[Given records — start]

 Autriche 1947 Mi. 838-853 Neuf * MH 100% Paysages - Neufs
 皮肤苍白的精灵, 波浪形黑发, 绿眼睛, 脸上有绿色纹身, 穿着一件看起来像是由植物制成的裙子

[Given records — finish]
[Given records — start]

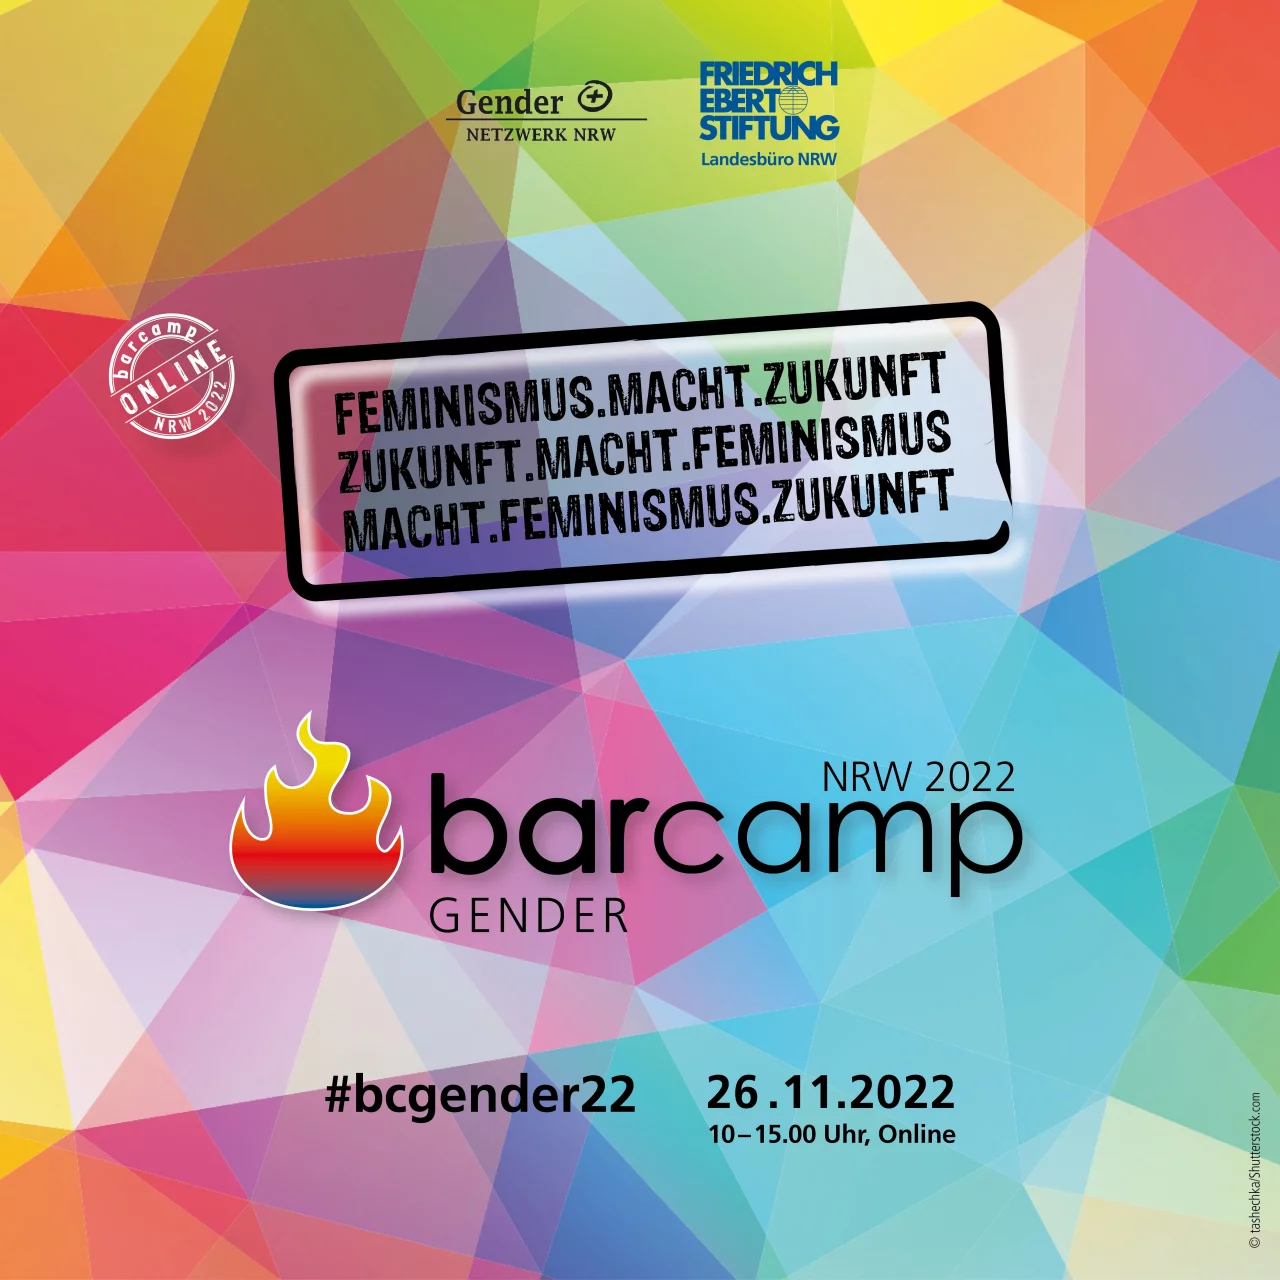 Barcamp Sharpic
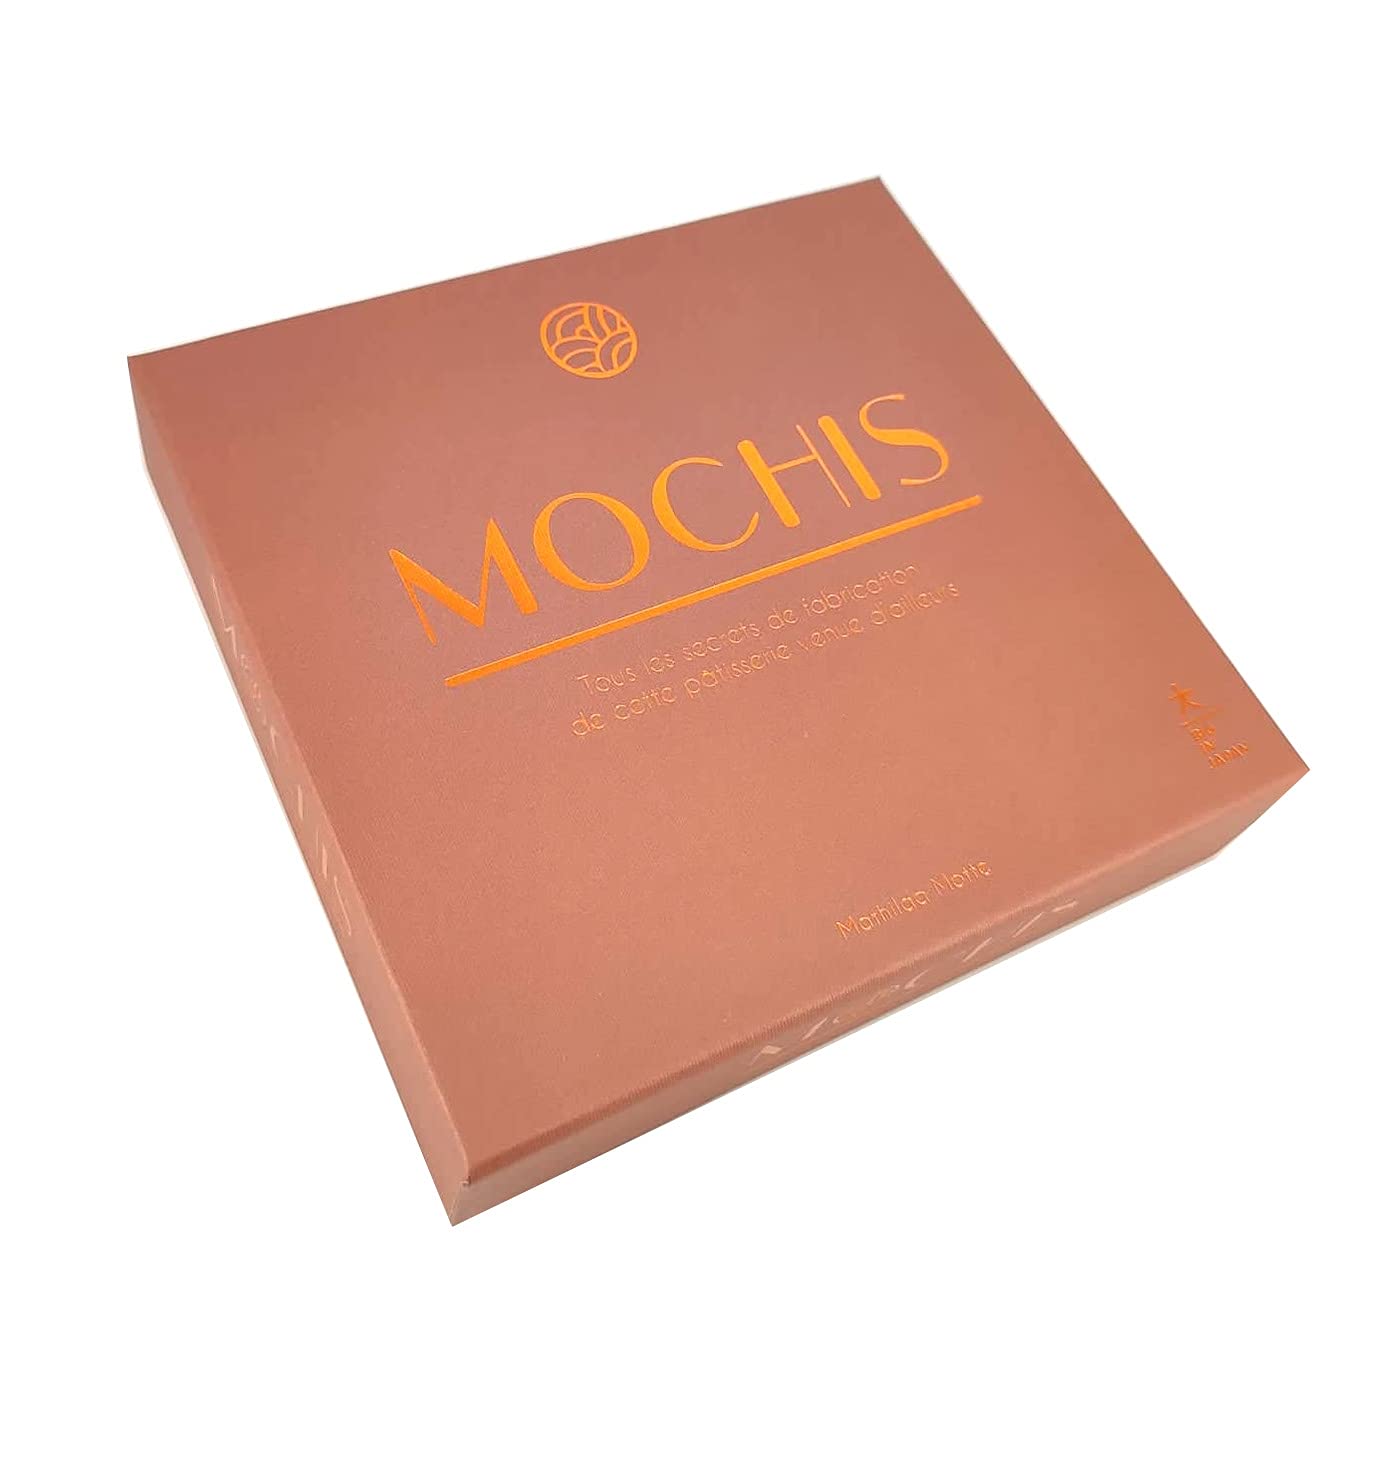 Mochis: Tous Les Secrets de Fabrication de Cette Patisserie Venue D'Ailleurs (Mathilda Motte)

[Given records — finish]

- Problem -
In the entries above, find the line with "Autriche 1947 Mi." and the line with "皮肤苍白的精灵, 波浪形黑发, 绿眼睛, 脸上有绿色纹身, 穿着一件看起来像是由植物制成的裙子", then set down exactly those two and every line between them, nothing else.

- Result of this exercise -
 Autriche 1947 Mi. 838-853 Neuf * MH 100% Paysages - Neufs
 皮肤苍白的精灵, 波浪形黑发, 绿眼睛, 脸上有绿色纹身, 穿着一件看起来像是由植物制成的裙子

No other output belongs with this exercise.